Above we saw that the original sample was imbalanced in the sense that the distribution of covariates (especially EMPTOT) was highly unequal between the treated and control groups. Balancing the two groups is one of the central challenges of causal inference and it can be accomplished by either reweighting the samples or by restricting the analysis to a subset of the data which is balanced. The first method, reweighting is accomplished by the IPW estimator:

In [10]:
ipw = IPW(learner=LogisticRegression(solver="liblinear", class_weight="balanced")), a)
w = ipw.compute_weights(X, a)
calculate_covariate_balance(X, a, w)
abs_smd weighted unweighted
EMPTOT 0.000816 0.195605
WAGE_ST 0.031575 0.038154
INCTIME 0.008160 0.080553
BK 0.006652 0.015325
KFC 0.006516 0.142869
ROYS 0.009877 0.001462
WENDYS 0.009438 0.127842

We can see that most of the variables are now balanced, especially EMPTOT. This gives us confidence that the estimated outcome is indeed an "apples to apples" comparison, after weighting.

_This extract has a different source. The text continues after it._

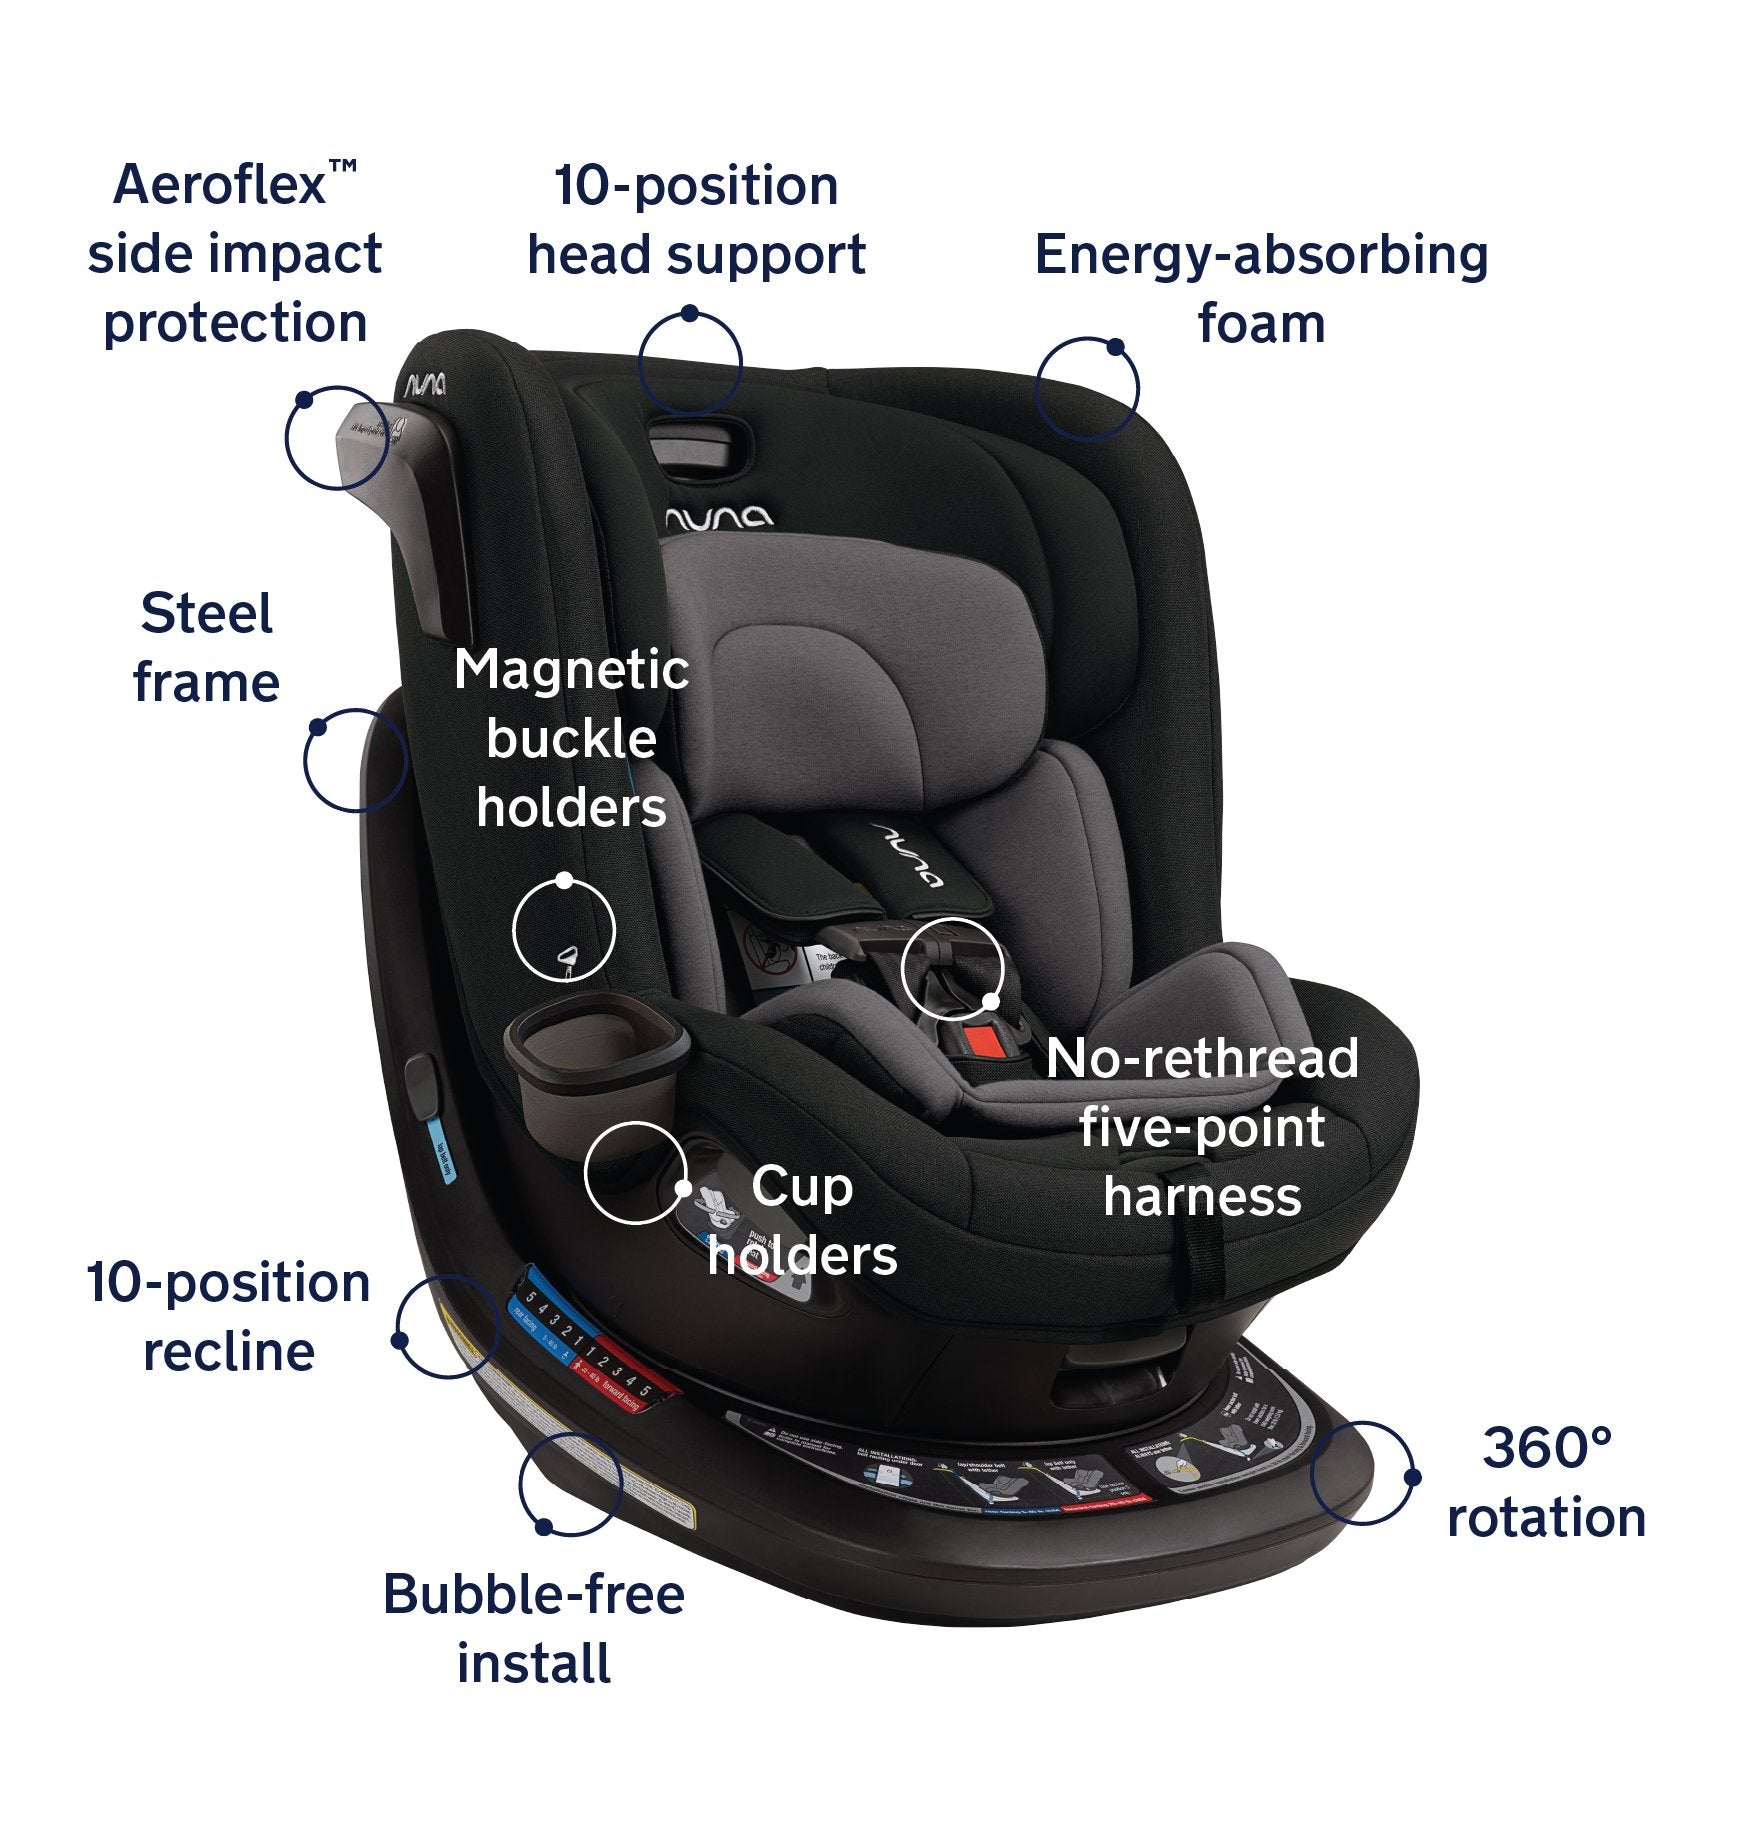 Nuna REVV Rotating Convertible Car Seat with Cupholder - ANB Baby -8720246543186$500 - $1000
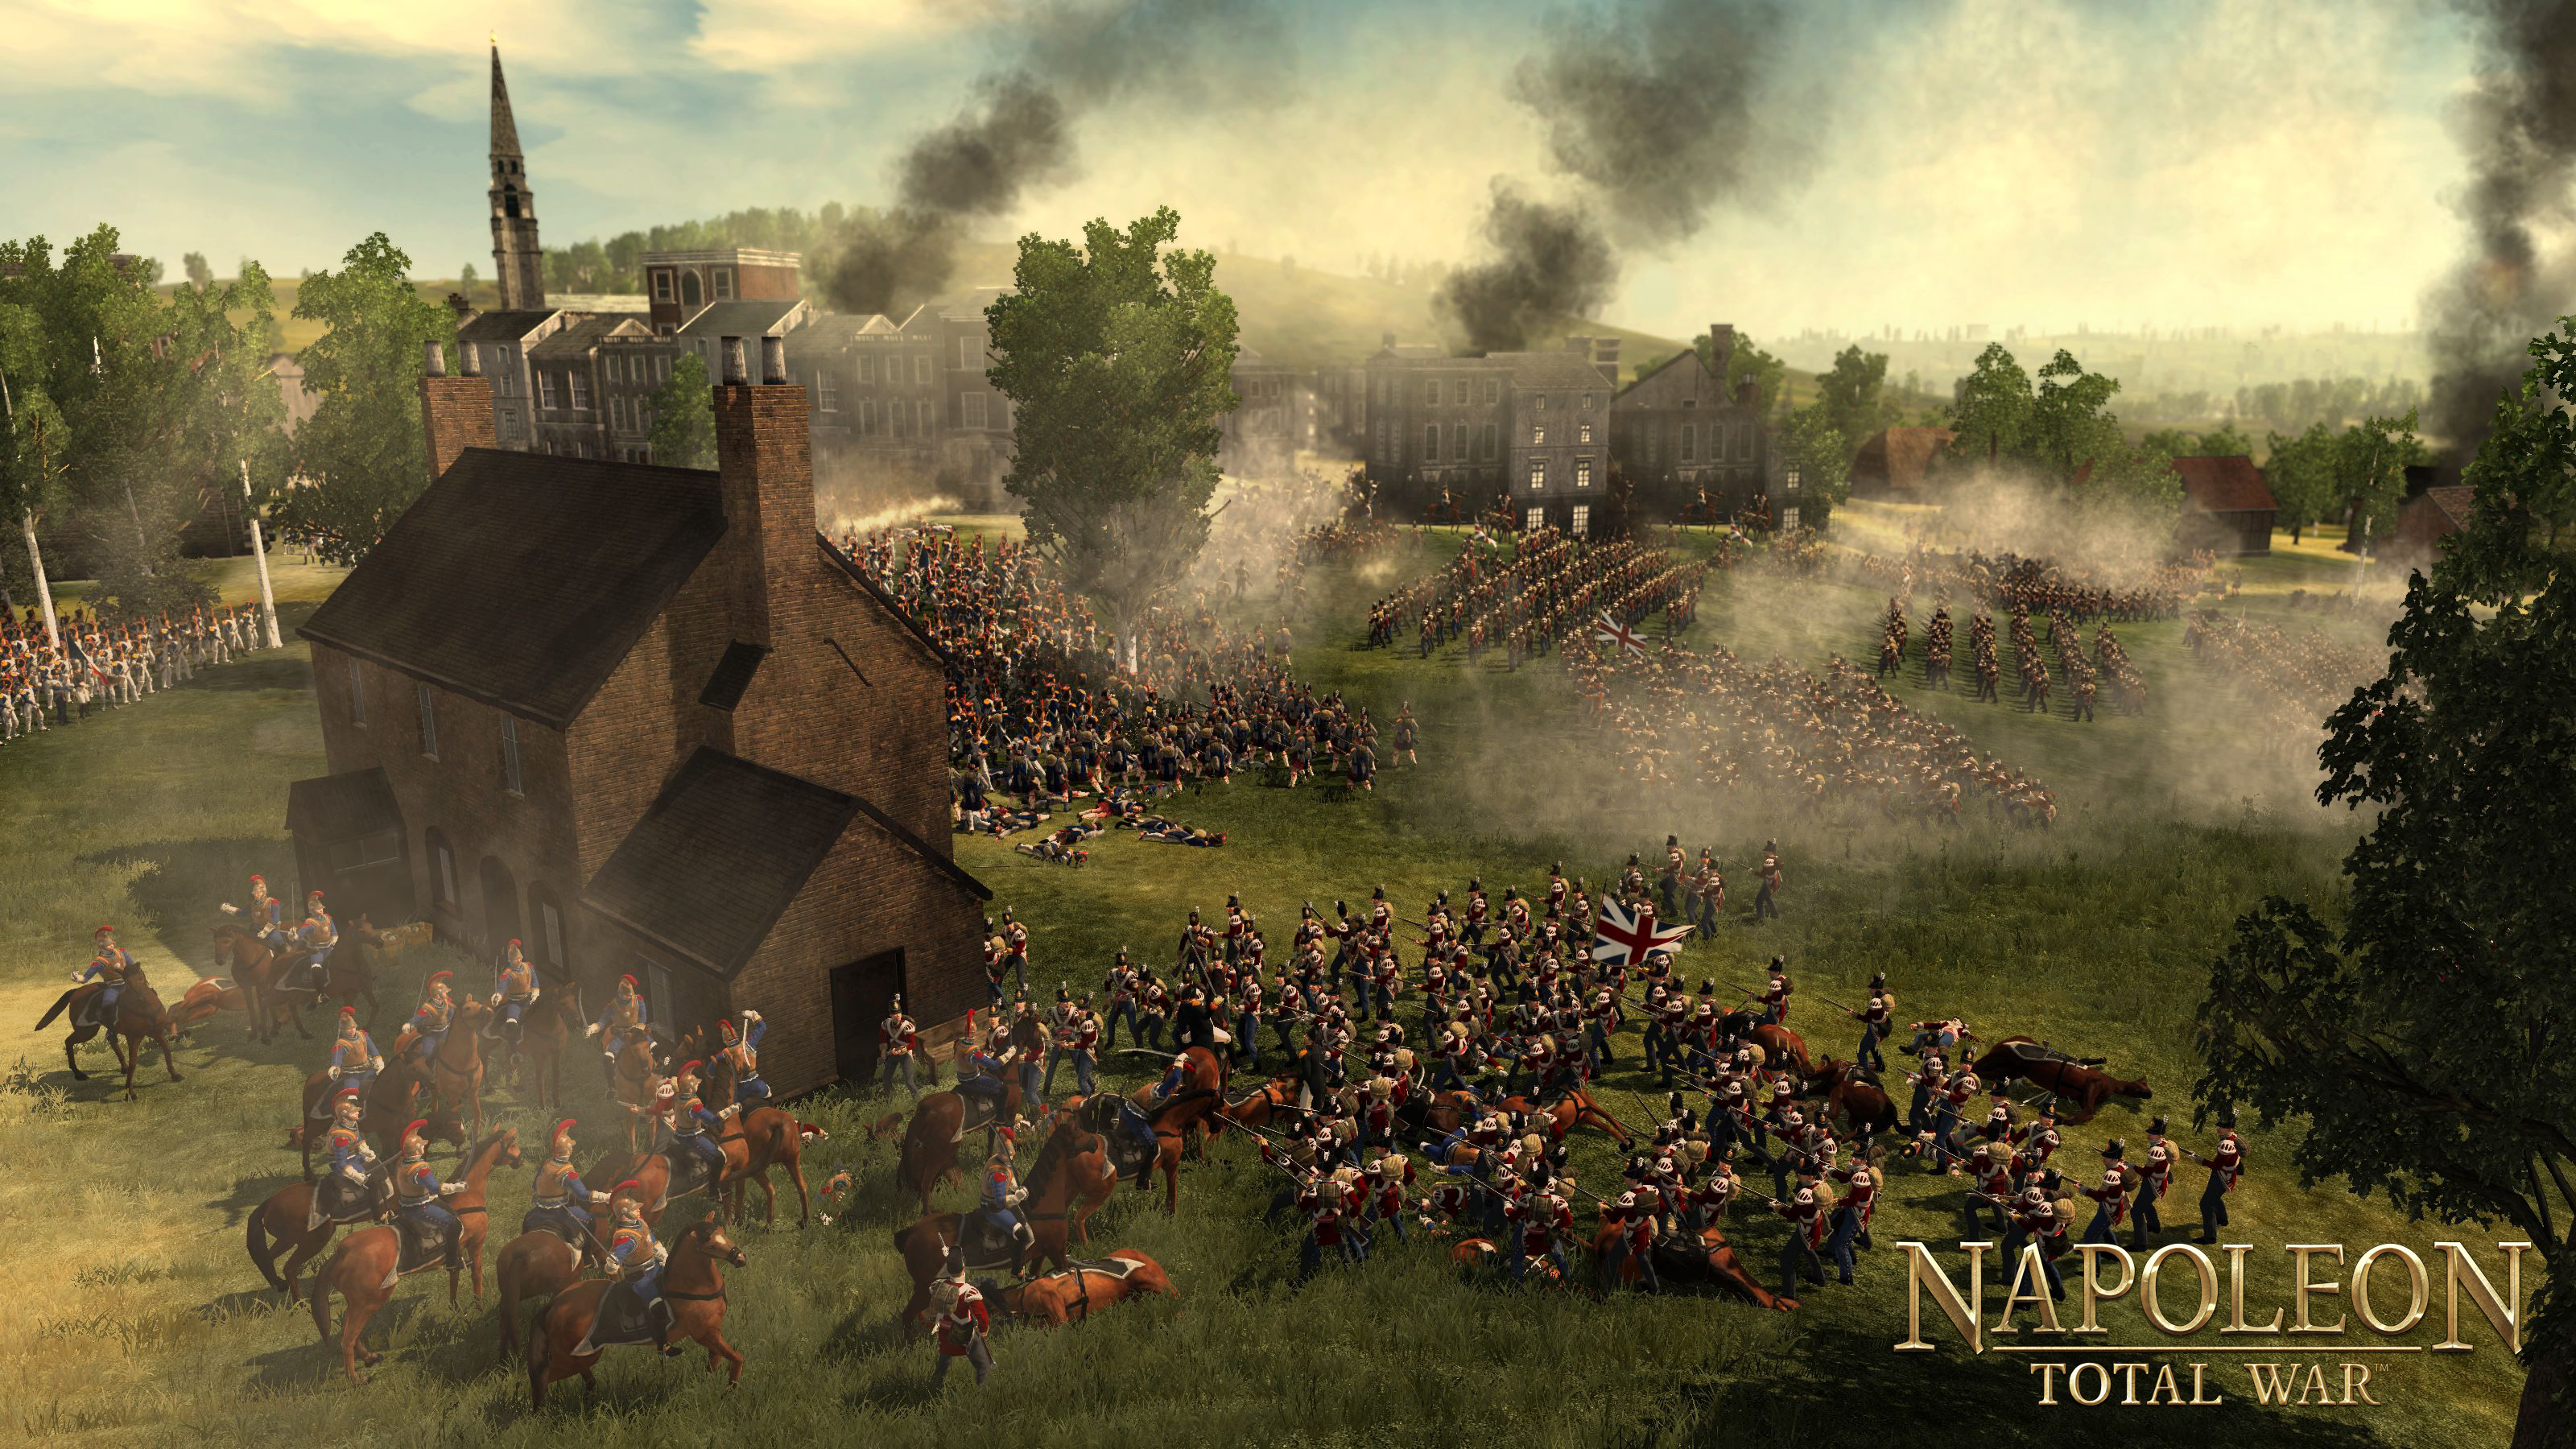 Napoleon: Total War Pics, Video Game Collection

Restricting the sample with Matching

Another way to deal with imbalanced covariates is to only include comparisons between treated and control samples which are very similar. There are a variety of ways in which this can be accomplished. One of the most common is matching by propensity score. Here we will consider the case without replacement, where the data set is restricted to a sequence of pairs where each pair has exactly one treatment and one control, and each sample can appear at most once.

We do not want to match on the covariates, but rather on the propensity score. To do this we use the PropensityTransformer object as a propensity_transform within the MatchingTransformer.

In [11]:
from causallib.preprocessing.transformers import PropensityTransformer
propensity_transform = PropensityTransformer(learner=learner(), include_covariates=True)

The propensity model will be autmatically fit when the MatchingTransformer is fit.

In [12]:
mt = MatchingTransformer(with_replacement=False, propensity_transform=propensity_transform)
Xm, am, ym = mt.fit_transform(X, a, y)
print(f"Transforming data from {X.shape[0]} samples to {Xm.shape[0]} samples by matching without replacement.")
Transforming data from 347 samples to 136 samples by matching without replacement.

We can now check the covariate balance of the resulting data directly and also with propensity weights:

In [13]:
ipw_m = IPW(learner=learner()), am)
wm = ipw_m.compute_weights(Xm, am)
calculate_covariate_balance(Xm, am, wm)
abs_smd weighted unweighted
EMPTOT 0.005456 0.039639
WAGE_ST 0.028619 0.030309
INCTIME 0.003309 0.047924
BK 0.001717 0.021077
KFC 0.001242 0.000000
ROYS 0.001137 0.000000
WENDYS 0.004414 0.026073

At this point we have substantially smaller covariate imbalance, but we are using only ~40% of the data. We can now check the estimates directly on the matched subset.

In [14]:
all_estimates_matched = get_all_estimates(Xm, am, ym)
all_estimates_matched.assign(ATE=all_estimates_matched[1] - all_estimates_matched[0])
0 1 ATE
MarginalOutcomeEstimator 17.544118 19.084559 1.540441
Matching 17.544118 19.084559 1.540441
PropensityMatching 17.645221 17.856618 0.211397
IPW 17.438962 19.157859 1.718897
Standardization 17.431120 19.197557 1.766437
StratifiedStandardization 17.431684 19.198245 1.766561
PropensityFeatureStandardization 17.500168 18.502095 1.001927
WeightedStandardization 17.429642 19.192642 1.763000
AIPW 17.429092 19.193340 1.764248
In [15]:
f, ax = plt.subplots(figsize=(8, 6))
plt.xticks([0, 1], ["PA", "NJ"]);

In this case Matching and MarginalOutcomeEstimator are in fact identical because the solution to the matching problem is the same on the matched data. Once again, we see that all of the methods find a slight positive effect.